Youngblood Blog

Writing weblog, local, topical, personal, spiritual

Drawing Breath—Speaking up for Lungs of the Planet

MONTHLY INSECURE WRITERS’ ENCLAVE—
IWSGers Speak up for the Planet

Thanks 2Alex for getting on our case—writing-wise

Thanks 2Alex for getting on our case—writing-wise

Happy New Year to all Insecure Writers! And to the world at large.
Mostly, thanks to our prolific host and Ninja Cap’n, Alex, for allowing us crazies free rein on his excellent forum. It opens writerly doors, and allows us to vent, when things go wrong. May we all survive—nay, plunge into—this year and follow our dreams.

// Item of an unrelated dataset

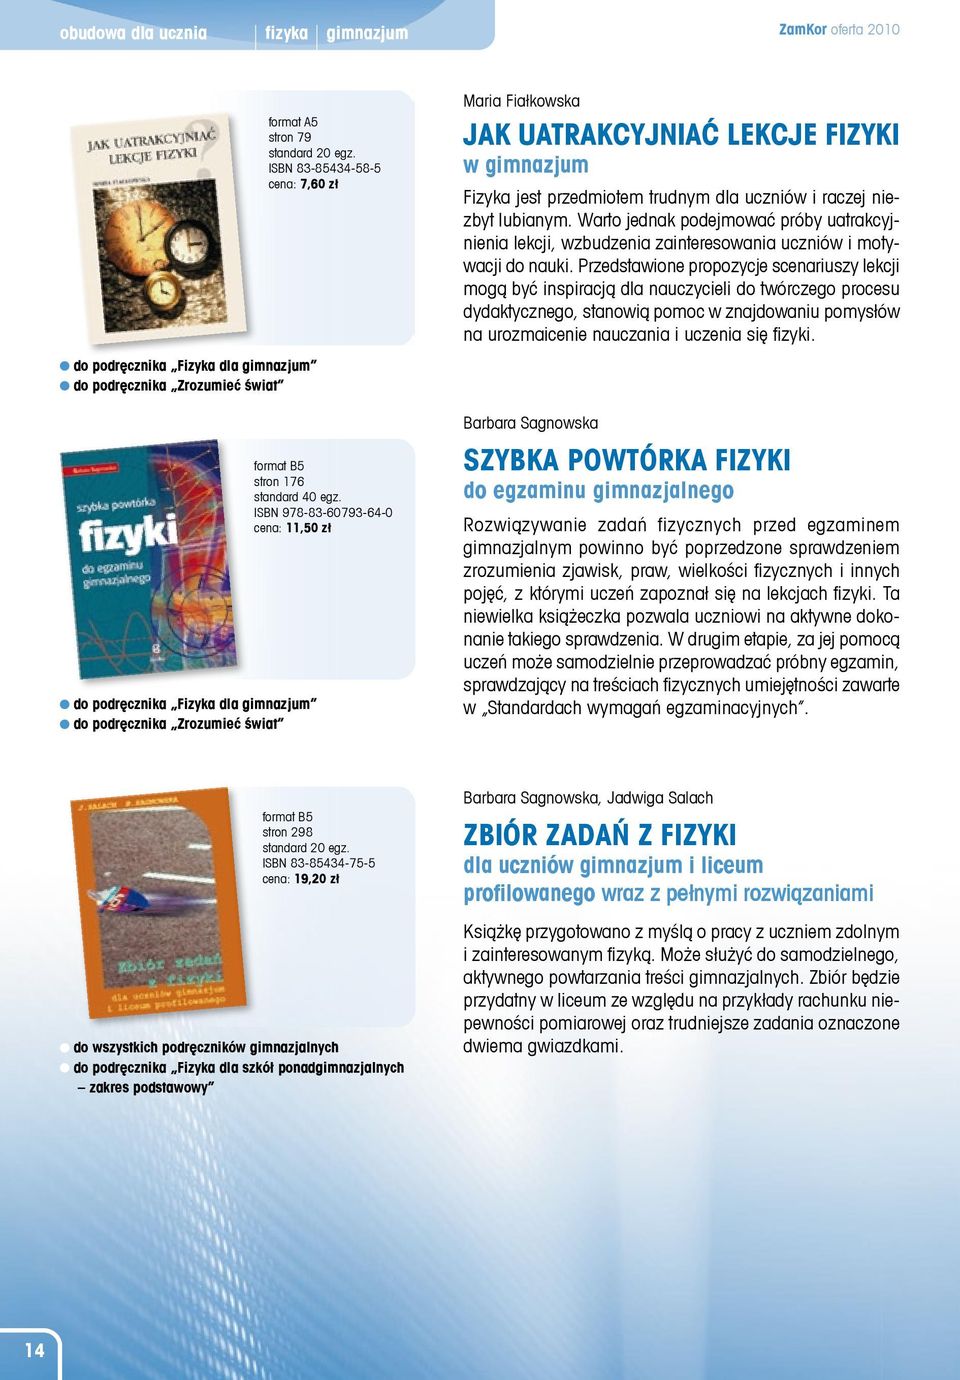 ISBN 978-83-60793-64-0 cena: 11,50 zł Maria Fia³kowska Jak uatrakcyjniaæ lekcje fizyki w gimnazjum Fizyka jest przedmiotem trudnym dla uczniów i raczej niezbyt lubianym.

Sore Patch hidden by powerful local  'Resource company' under umbrella of social conscience offer to 'open woodland to public'

Sore Patch hidden by powerful local ‘Resource company’ under umbrella of social conscience offer to ‘open woodland to public’

2015 saw many changes in awareness of common responsibility for our country’s finite resources, both nation-wide and internationally, bringing accord which would have been impossible a decade ago. Politicians are—with careful research—actually clearing desks, allocating reserve funds to deal with the atmosphere-environment.

It is no longer an ‘issue’. Climate has become real time—Western nations’ new goal—to do good by the planet, our only home.

But don’t hold your breath.

Rattle in Seattle as Farewell to Old Ways
West Coast shakes over New Year ranged from Mag.4.7 in Seattle through M.6.2 Nevada/Utah border, to M.4.1 off Ferndale, CA. Judging by whale movement—on late migration south delayed by warm northern waters—quakes and movement are happening on the coastal plate, where the Gorda fault fissures to join its subterranean sisters under (human habitat) the land. Several landslides along the coastal Scenic Drive route north of the Eel and Mad Rivers—in Humboldt County—have made travel ‘difficult’—official sources.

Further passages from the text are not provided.